Richard Barnes, who is 31 and works as a marine biologist and restaurant server in Hawaii, is similarly skeptical. “I am not sure if I would think otherwise about someone who uses ChatGPT, but I would be like, ‘come on,’” he said. “You shouldn’t have to rely on it to make a grocery list. Your life is likely not that hard. We can make the list together.”

Celebrity and Tech Backlash.

Guillermo del Toro’s statement that he’d “rather die” over using generative AI garnered significant attention. Ditto for, SZA’s Instagram stories rant against the tech cautioning about “environmental racism” and showing fear over users who are “codependent on a machine”. The same goes for when Simu Liu, Alison Roman, Céline Dion, Emily Blunt, and others make statements that are skeptical of AI in their various industries. I believe these quotes go viral for a cause: people agree with them.

Even, to an degree, the people who run the tech industry. Last month, Pinterest introduced a filter that lets users disable AI content.
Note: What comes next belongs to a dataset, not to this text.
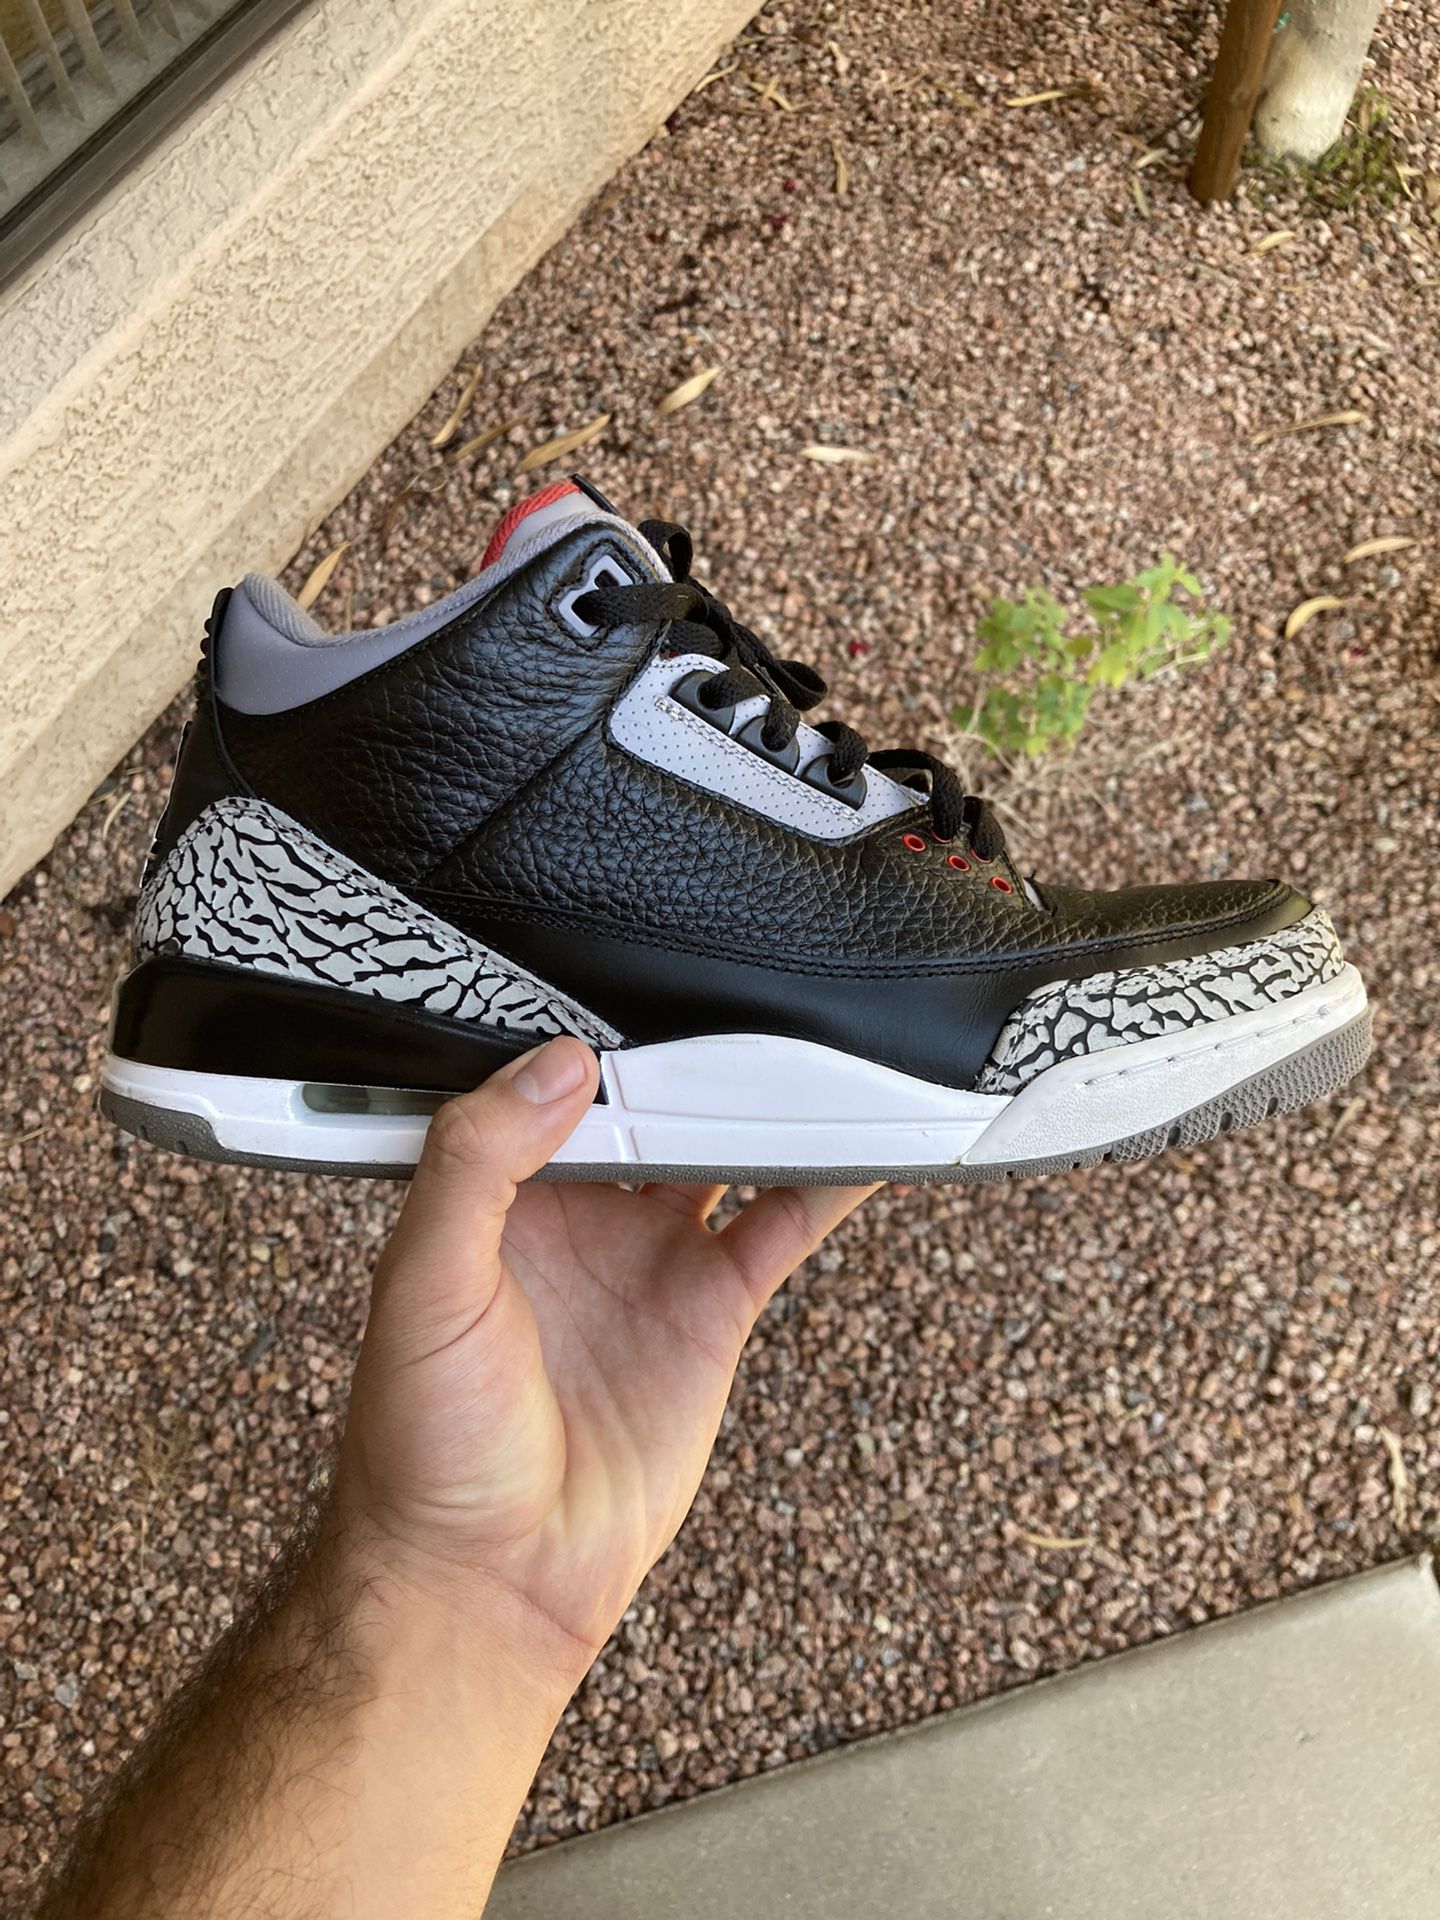 Black Cement 3’s For Sale!

Meta lets users mute, but not entirely deactivate, similar slop on Instagram. Reports suggested that “cursor resistance” is on the rise, as some Silicon Valley techies refuse to use AI to write their code.

{Luciano Noijeen, a lead software engineer based in Greece and the Netherlands, told me that he enthusiastically used AI in the past to write or punch up his coding.|According to Luciano Noijeen, a {lead|

Ray Cox
Ray Cox

A Berlin-based writer passionate about uncovering hidden gems and sharing cultural narratives across Germany.